Он рвал и метал, но тут взгляд его упал на любимую фотографию Иделлы: молодая, свежая и такая очаровательная в расцвете своих двадцати четырех лет (а ведь ему уже сорок восемь!) Каждый мужчина был бы рад и счастлив иметь такую жену. А ее поклонники, такие самоуверенные и наглые, — Каулстон, который не отстает от нее, хоть она и замужем; молодой и богатый Кин, Арбутнот, да мало ли их... И каждый будет рад завладеть Иделлой, если он ее бросит. Она знает это. В этом ее сила, власть и даже очарование. Черт бы ее побрал!

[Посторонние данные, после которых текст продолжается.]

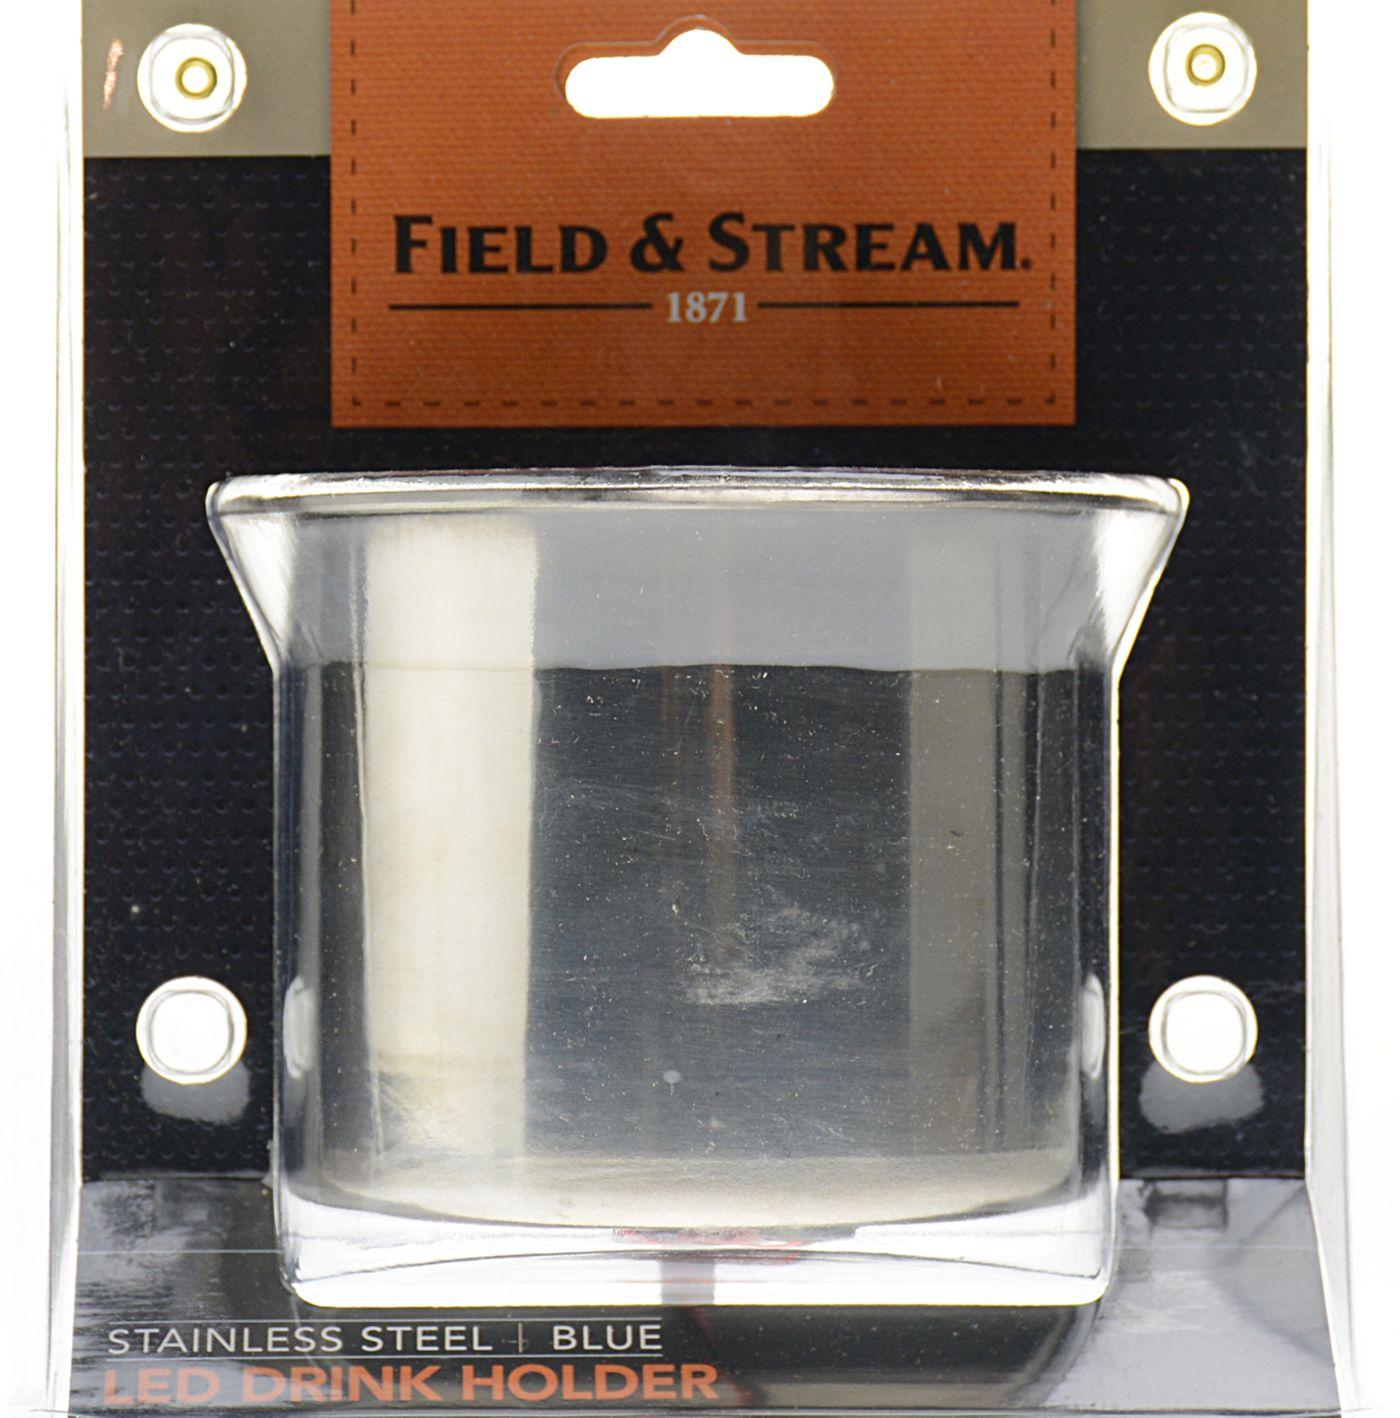 Field & Stream LED Drink Holder

Но главное — жизнерадостность, извечный соблазн красоты и молодости! Иногда она бывает нежна и снисходительна, так славно улыбается и болтает с ним в сумерках по вечерам. Вспоминаешь все и тянешься к ней. И всему этому конец, если он ее бросит. Она ведь предупреждала, и не раз: «Если я уйду, не надейся, что я вернусь». Она не вернется. Он слишком мало для нее значит. Уж если она уйдет, то навсегда.
Он медлил, размышлял, по привычке кусая губы, хмурился, краснел, колебался, тучи набегали на его лицо... потом позвонил.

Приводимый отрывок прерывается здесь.